C'era stato un momento durante la mia vita in cui avevo provato così tanta rabbia da arrivare a compiere gesti meschini nei confronti di chi era stato la causa. E me la ricordavo ancora bene, quel desiderio profondo di vendetta mescolato all'impulso di voler infliggere dolore a quella persona. All'epoca era stato mio padre con le sue azioni miserabili a rendersi il destinatario della mia ira, e non potevo dire di aver cercato di controllare i miei istinti dato che mi ero lasciato trasportare da essi arrivando a compiere cose di cui ancora, dopo anni, non ero mai riuscito a pentirmi.
Tuttavia, nel momento in cui la rabbia aveva perso intensità – ma non consistenza, perché era sempre lì, in agguanto, pronta a riprendere le redini contro l'uomo che si professava come mio padre – avevo creduto che non avrei mai provato più nulla del genere, che nessuna situazione mi avrebbe mai spinto a provare di nuovo quell'impulso che gridava vendetta.
E invece mi sbagliavo.

Tuttavia, definire "rabbia" quel tumulto di emozioni che mi aveva invaso ogni organo vitale in quel momento era riduttivo.

Era molto di più.

Era ira, dispiacere, uno sconforto sconcertante; era tristezza, odio, preoccupazione, amarezza, disgusto, malinconia, frustrazione, angoscia, disagio e risentimento.

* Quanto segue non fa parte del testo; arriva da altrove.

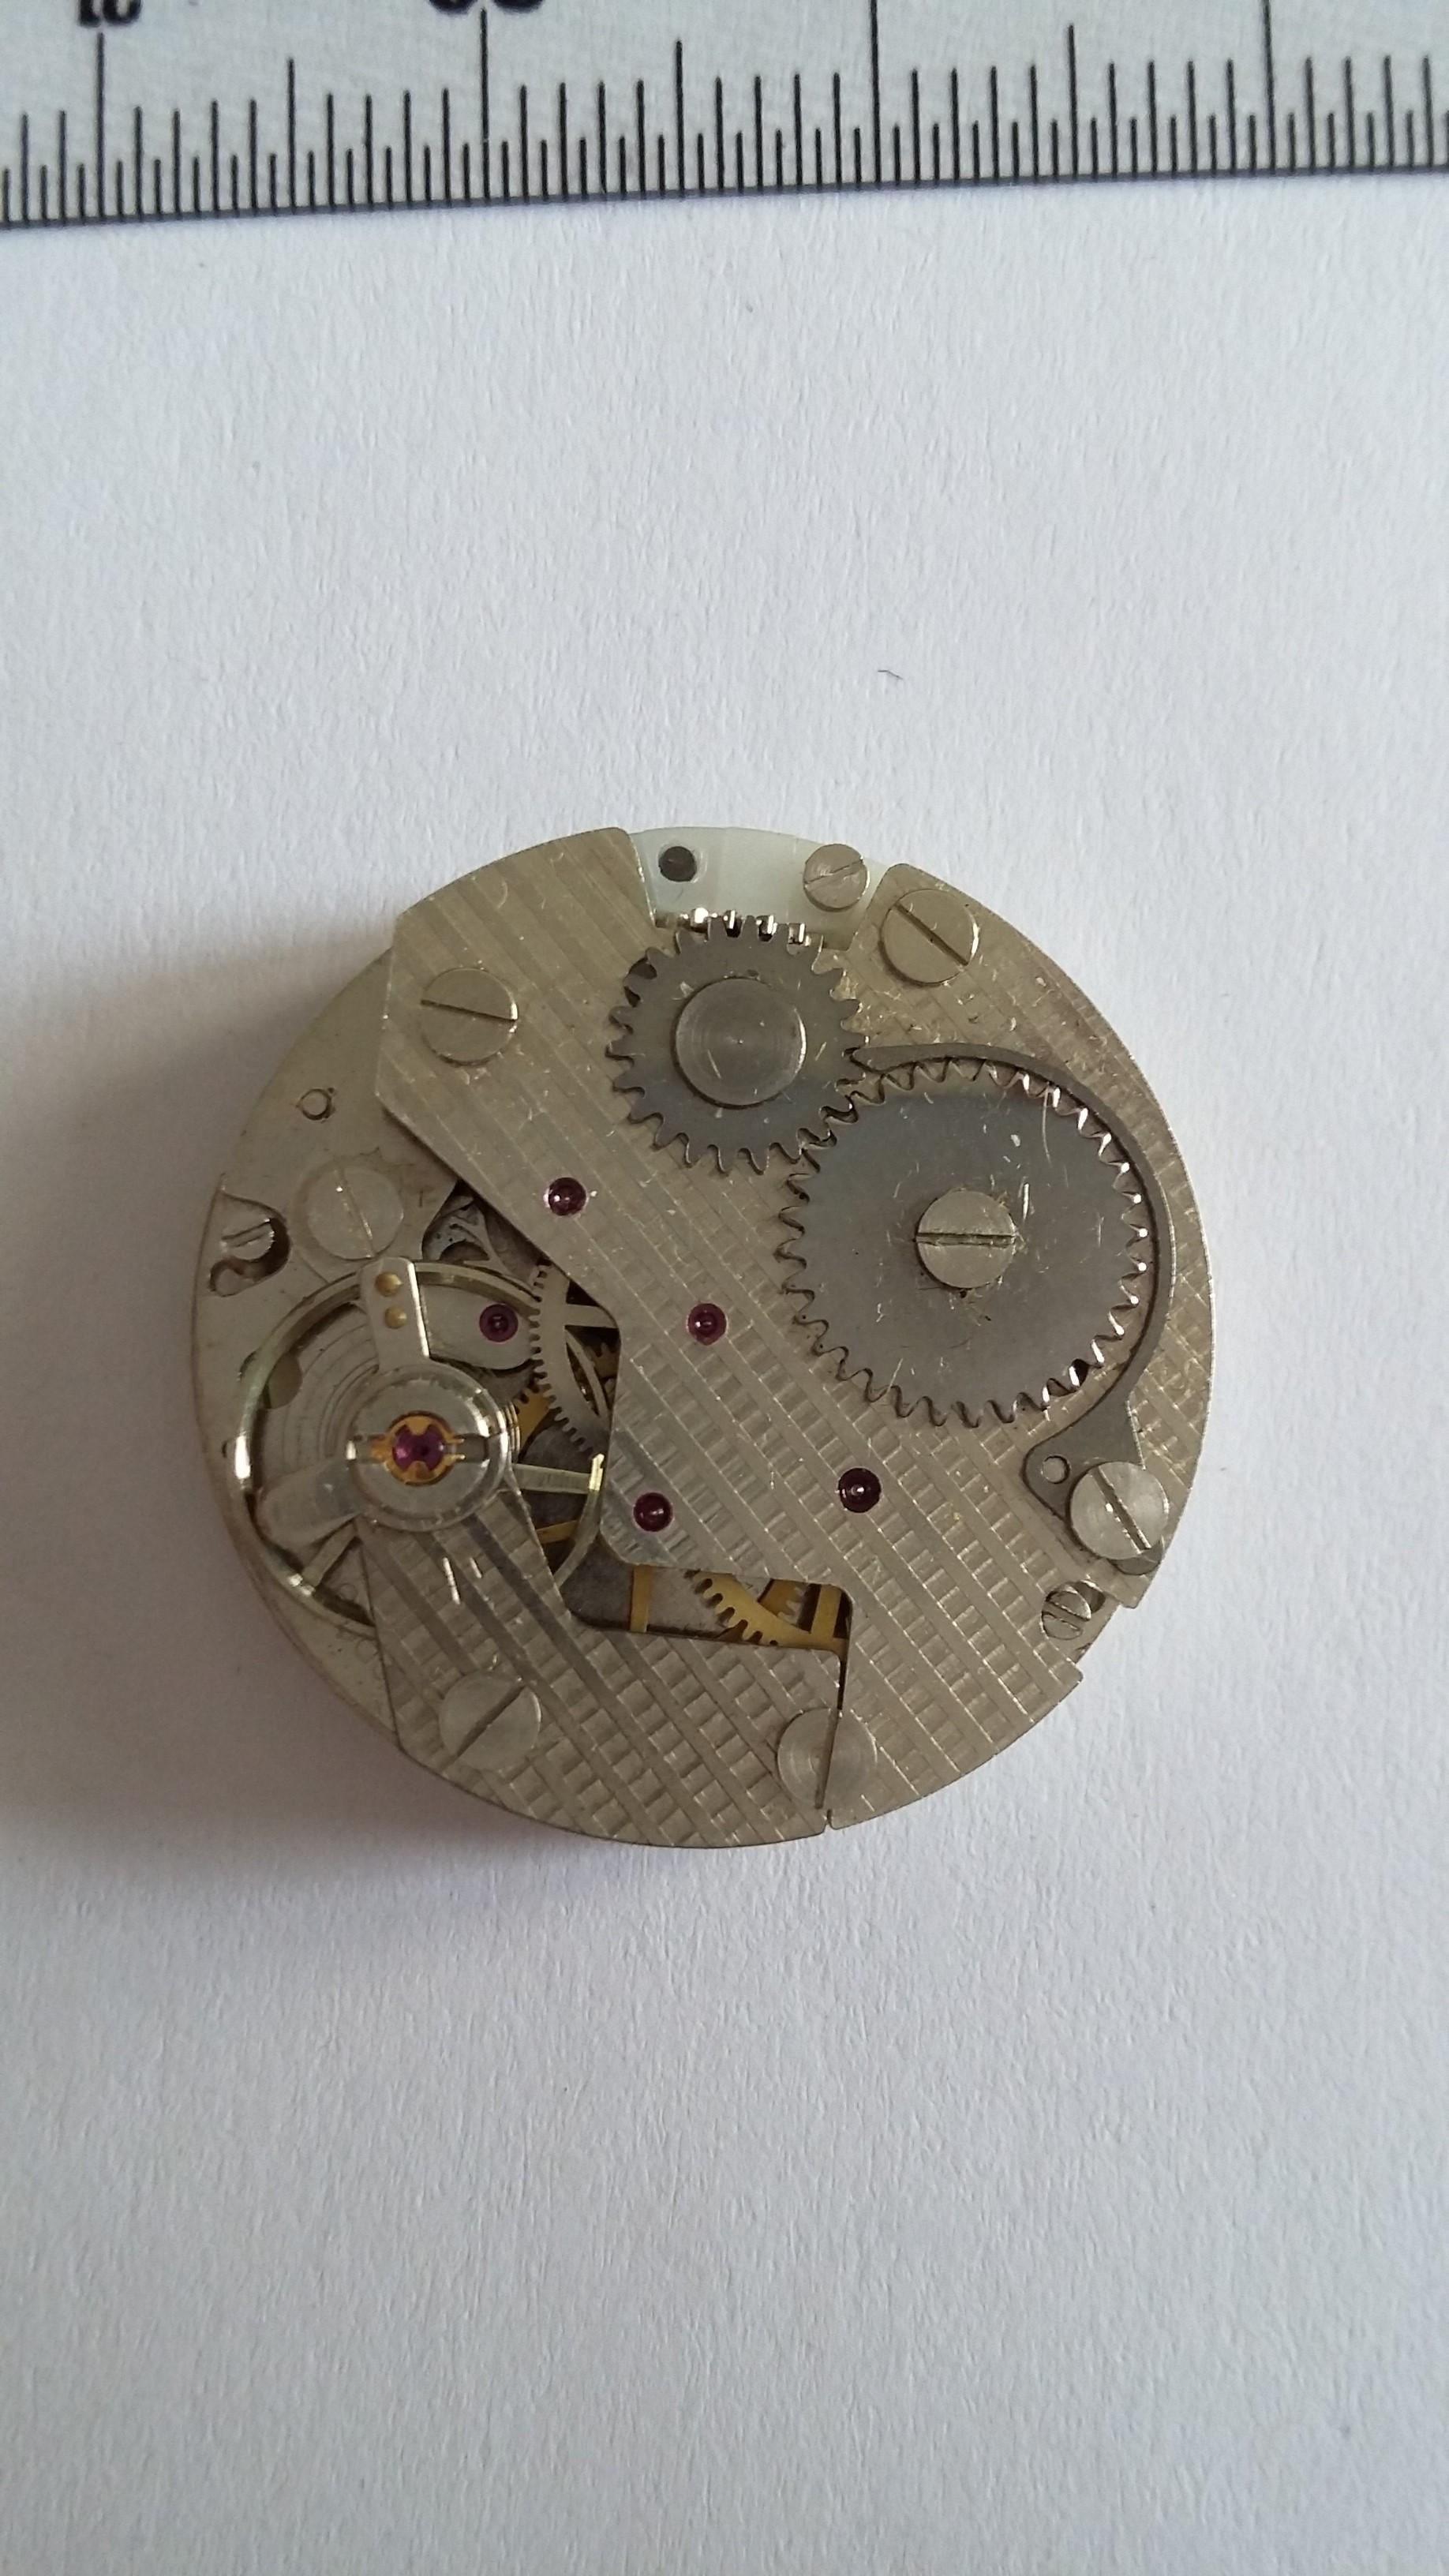 Breitling - Pour faire identifier son mouvement : C'est ici  ! - Page 44 150916115732931260

E forse avrei preferito rimanere indifferente, ma ero sicuro che nessun essere umano con un minimo di coscienza sarebbe rimasto impassibile davanti a un evento del genere. Perché, per quanto poco ne sapessi nello specifico, la sola idea che qualcuno potesse vivere un evento così traumatico mi prosciugò di ogni emozione positiva.

E mi domandai come si potesse sopravvivere a una cosa simile.

Eleanor aveva smesso di parlare da un pezzo, e io non avevo detto nulla. Un "mi dispiace" sarebbe stato troppo riduttivo, e nessuna parola avrebbe potuto far fronte al disagio che quella rivelazione mi aveva provocato.

Avevo capito da un pezzo che ci fosse qualcosa sotto tutti i suoi comportamenti, però non sarei arrivato a una conclusione del genere nemmeno applicando ogni briciolo di fantasia che possedevo.

Tuttavia, c'era una domanda specifica che premeva sulla lingua affinché gliela ponessi, e benché non ci fosse un momento giusto per pronunciarla, lo feci lo stesso quando mi accorsi che aveva anche smesso di piangere e il suo respiro si stava lentamente regolarizzando.

«E il tuo ex?»

La sentii sospirare sul mio torace, il viso nascosto dalla chioma scura.

«Ryan gli telefonò per informarlo di quello che era successo.» Aveva la voce gracchiante, bassa e piena di qualcosa che nella mia ignoranza non potevo cogliere.

«E lui cosa fece?»

Sperai con tutto me stesso che avesse fatto qualcosa per rendere meno maleodorante la merda che aveva combinato.